Last night a documentary about Will Eisner premiered at the Tribeca Film Festival. I attended. I had high hopes for the movie, and I those hopes were certainly justified.
The documentary featured interviews from a virtual pantheon of the medium: Stan Lee, Joe Kubert, Jerry Robinson, Bob Kane, Gil Kane, Art Spiegalman, etc as well as Eisner's wife, the charming and funny Anne, Dennis Kitchen, Michael Chabon, and a long time fan of the Spirit dailies that ran in the Chicago Tribune in the 30's- Kurt Vonnegut.
In addition to these filmed interveiws, the documentary was peppered with audio interviews that Eisner taped himself with the likes of no less than Jack Kirby and Neal Adams from his legendary "Shop Talk" series of taped conversations.
Eisner carries the show throughout the documentary, delivering candid intelligent stories of the beginnings of the medium, his time away from it, his experiences in World War 2, and much much more. I was particularly impressed with the honesty and explaining of the Ebony character, an embarassing relic of the minstral era that Eisner makes no excuses for.
The story that Kitchen tells of Eisner's first contact with the Underground Comix of the 70's is priceless. (Eisner on Art Speigalman:"We both smoked pipes, but not the same stuff out of them.")
Eisner's conversations with Kirby about thier shared childhood experiiences living in the ghetto during the Depression grant you an unprecedented look at the formulative years of two of the great innovators of an artform.
The story of Will Eisner's life is the story of comic books. From it's beginnings as a daily advnture newspapaer strip spun out of the pulps, to the first pamphlets known as the modern comic book, to it's maturing into the Graphic Novel, a term that Eisner coined and format he may have invented.

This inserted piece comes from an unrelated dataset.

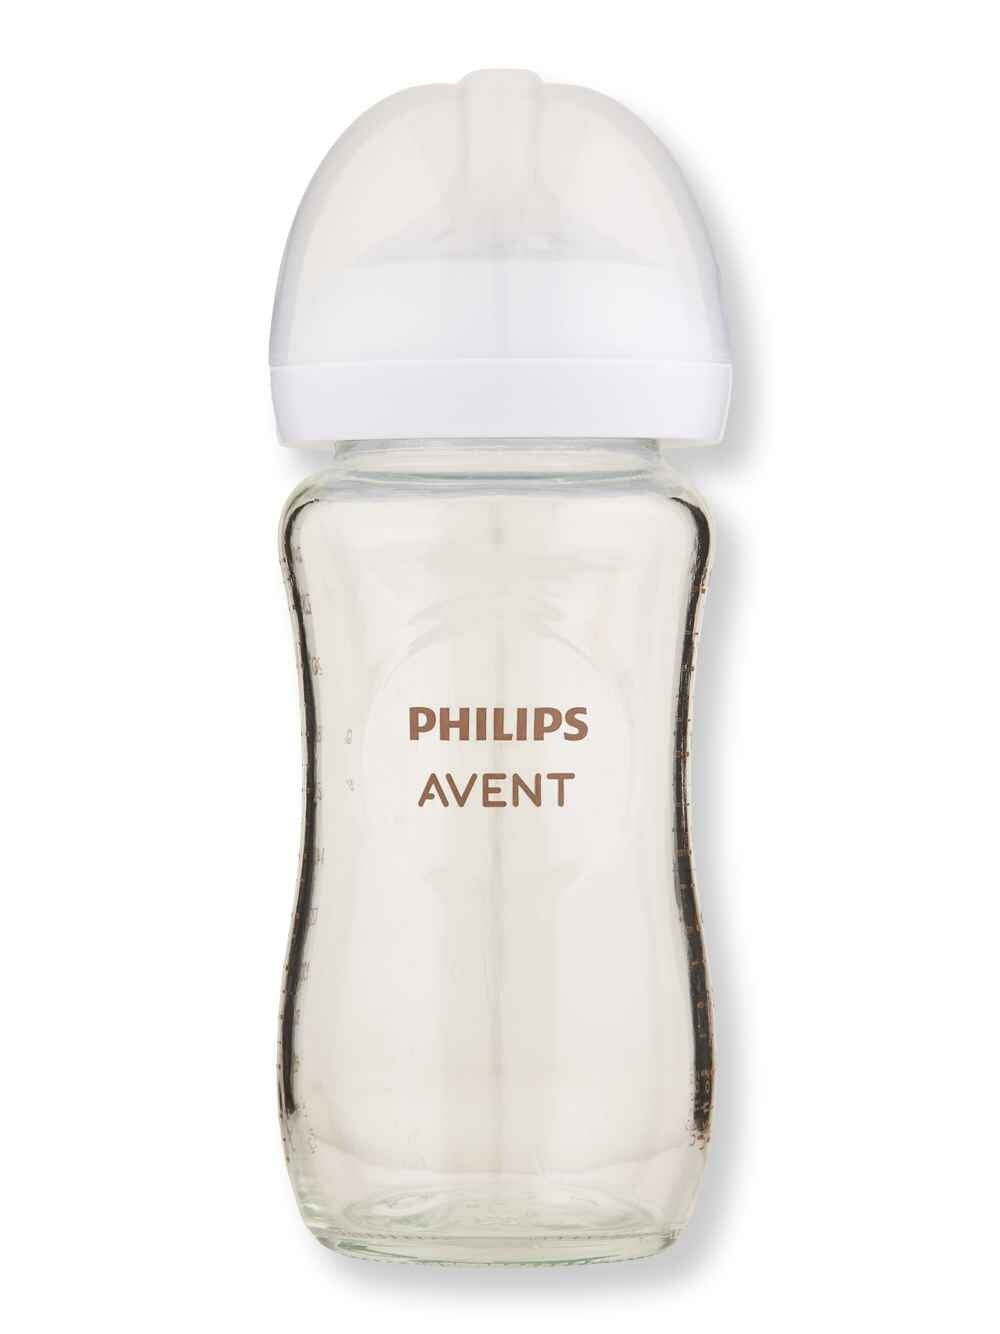 Philips Avent Philips Avent Glass Natural Baby Bottle With Natural Response Nipple 8 oz Baby Bottles 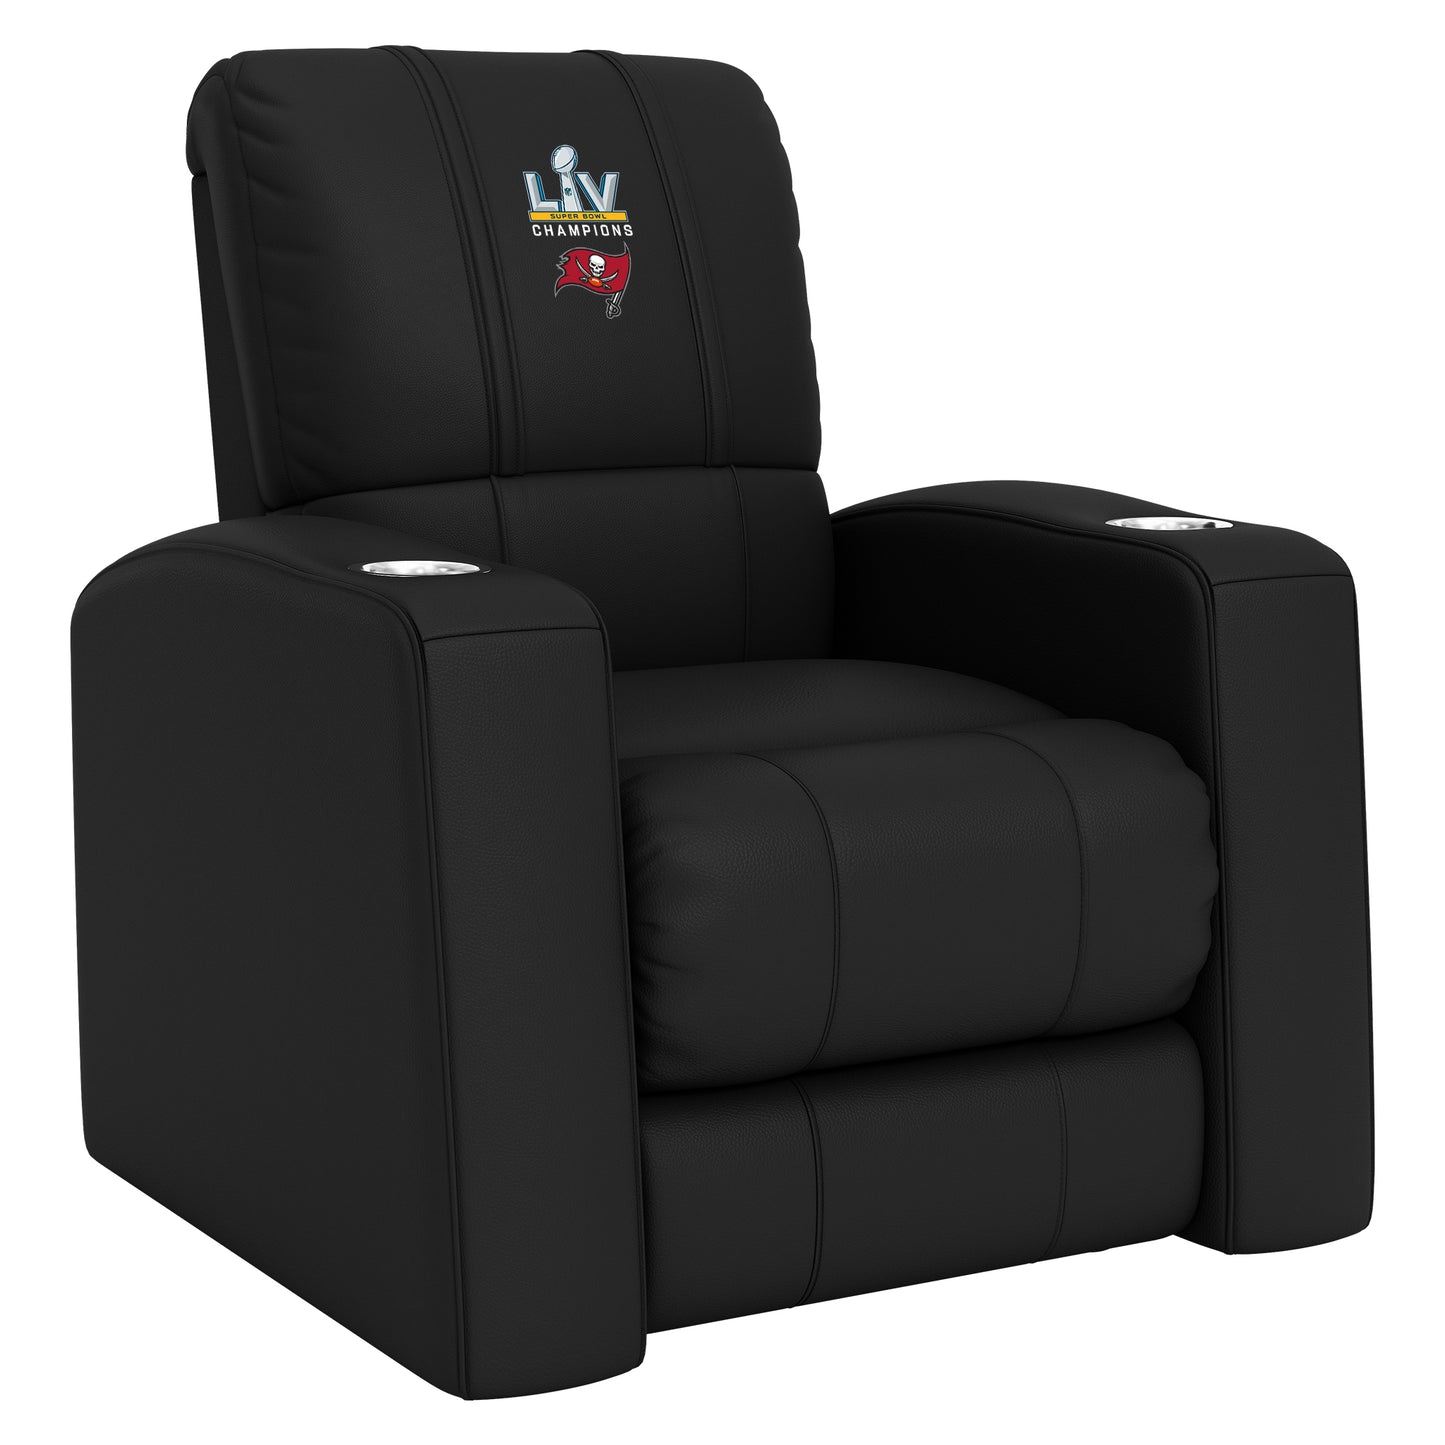 Tampa Bay Buccaneers Primary Super Bowl LV Logo Relax Home Theater Recliner

The jazz soundtrack is great, the looks at Eisner's original art is drool inducing. This is cheesy, but by the end of the movie I was holding back tears, not because I was said, but because I was simply in awe of this man's work. Hopefully this film gets picked for wide release and finds a distributor- New Yorkers, it's playing all week in the Tribeca Film Festival, I can't recommend it enough.